January 2026: demand rises, but hydro tempers regional pricing
Hydro generation provided a decisive, but temporary, buffer against the broader regional power price surge across parts of South-East Europe in January 2026. Electricity.Trade’s analysis points to Greece and Serbia as clear outliers, with average prices materially lower than gas-exposed peers despite rising demand and heightened regional volatility. The episode underscores how quickly operational generation mixes can influence market outcomes when marginal pricing is sensitive to fuel-linked costs.
For system operators and market participants planning dispatch and commercial strategies, the key takeaway is that hydrology-driven output can change the shape of price formation within short time windows. That makes operational readiness and fuel-hedging assumptions tightly linked to the availability of flexible generation resources.
Greece records €108.67/MWh as hydro output jumps 155.37%
Greece’s average January electricity price settled at €108.67/MWh, landing well below Romania and Hungary.
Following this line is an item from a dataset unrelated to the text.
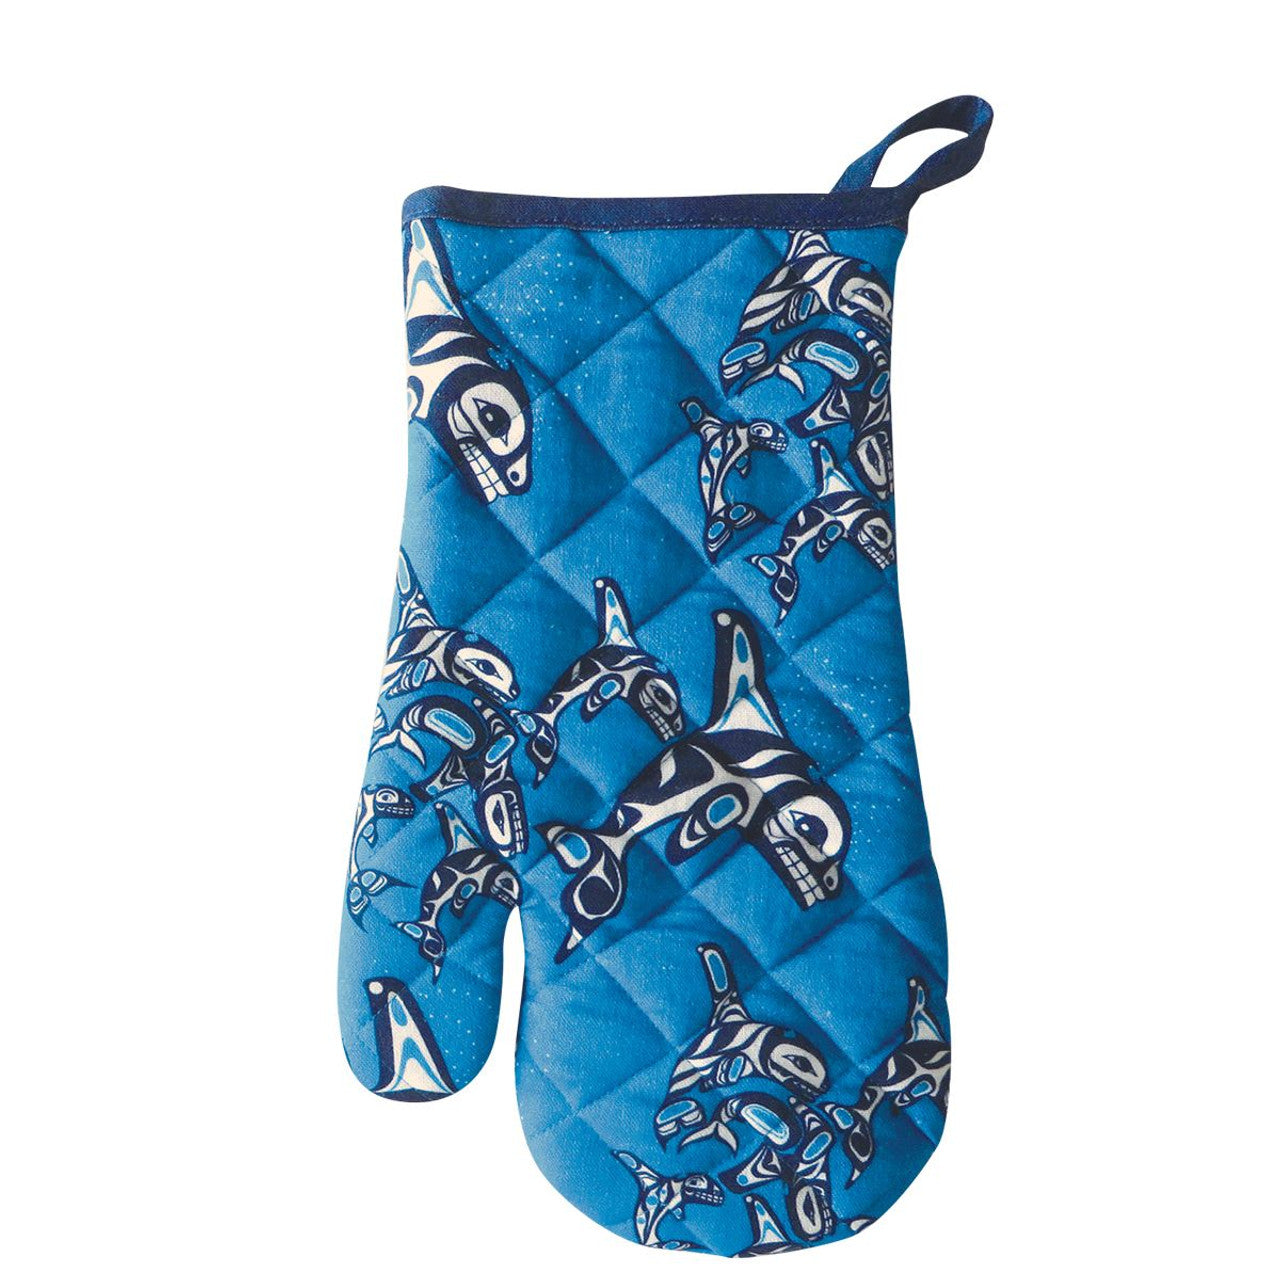 COTTON OVEN MITTS - Orca Family - KO103 - House of Himwitsa Native Art Gallery and Gifts
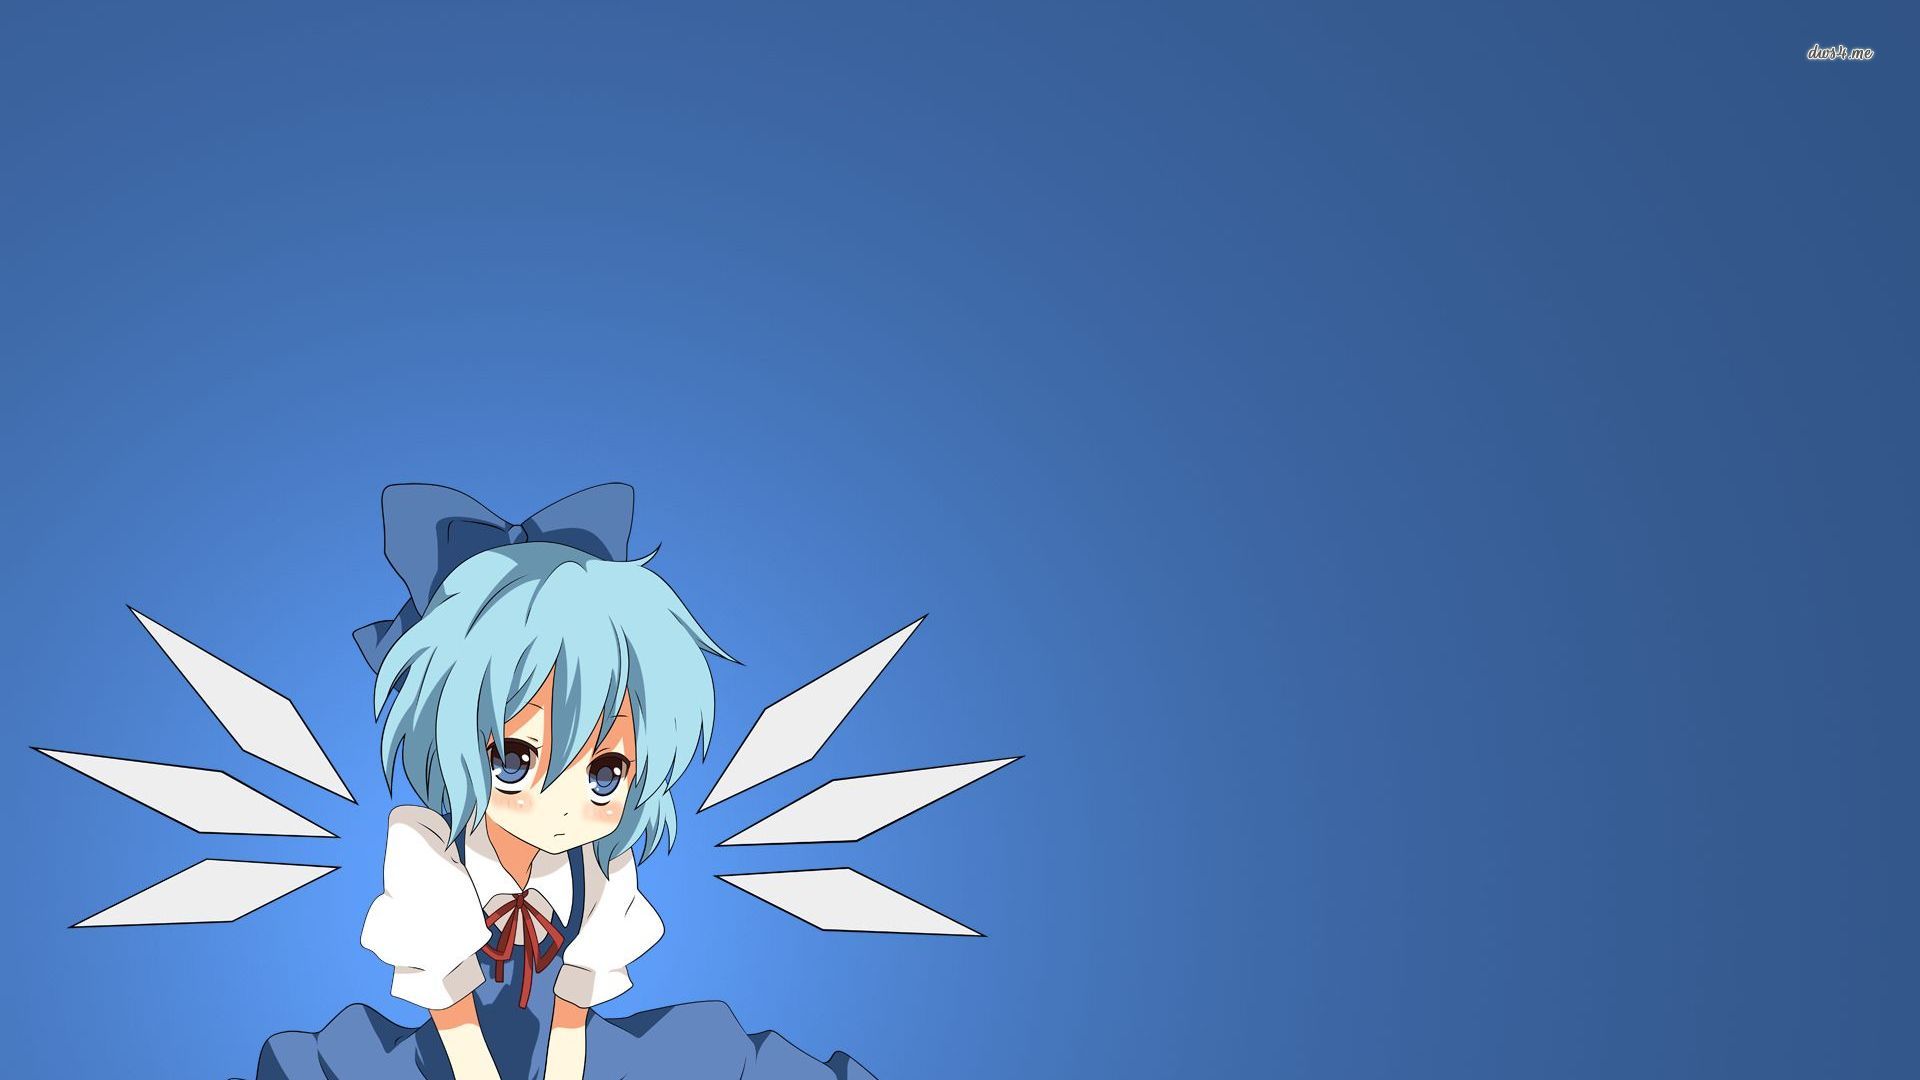 Cirno - Touhou Project wallpaper - Anime wallpapers - #23236

Electricity.Trade attributes the gap primarily to a 155.37% increase in hydro generation, which displaced gas-fired units during multiple high-demand intervals. By reducing reliance on gas-based marginal units, Greece’s exposure to TTF-linked pricing fell, particularly during peak evening hours.
This pattern matters for developers and investors assessing revenue stability for new build renewables and storage, because it illustrates how quickly market pricing can decouple from fuel costs when hydropower availability rises. It also signals that forecasting assumptions for future cash flows must account for short-term generation variability rather than relying on static seasonal expectations.
Serbia stabilizes at €118.13/MWh with hydro up 186.06%
Serbia showed a comparable mechanism, with hydro generation rising 186.06% and average prices stabilizing at €118.13/MWh. The result came despite demand growth of 33.43% and imports covering 23.45% of consumption during the period. Electricity.Trade notes that increased hydro availability enabled Serbia to delay import reliance during peak periods, moderating price escalation.
From an operational perspective, the ability to postpone imports during constrained or high-price intervals can reduce exposure to cross-border price transmission effects. For utilities and traders managing procurement schedules, this highlights the value of real-time dispatch flexibility when hydrological conditions shift.
Fragile insulation: hydrology can reverse within weeks
Electricity.Trade cautions that hydro insulation is inherently fragile because river flows remain seasonal and volatile. Surplus conditions can reverse within weeks, meaning the same systems that benefit from higher hydro output can quickly lose their price buffer if generation declines. When hydro output falls, both Greece and Serbia are described as rapidly reverting to gas and import dependency, re-exposing them to regional price dynamics.
That fragility has direct implications for investment planning across the power sector, particularly for projects whose economics depend on predictable operating conditions. It also reinforces the need for robust scenario analysis in technical studies covering grid balancing needs, reserve requirements, and dispatch constraints under changing generation availability.
Volatility dampener, not a structural solution
For market participants, January reinforced hydro’s role as a volatility dampener rather than a structural solution to regional pricing pressures. Markets insulated by hydro in one month may reprice sharply in the next, creating asymmetric risk for forward positioning. The episode therefore serves as a reminder that forward contracts and hedging strategies must reflect potential swings in generation mix driven by hydrology.
Broader industry implications extend beyond spot markets: developers preparing EPC scopes for renewables and battery energy storage systems will need to align commissioning timelines and operational models with realistic variability drivers. At the same time, utilities evaluating grid modernization measures should treat short-term generation shifts as an input into planning for flexibility, balancing capability, and resilience against fuel-linked price shocks.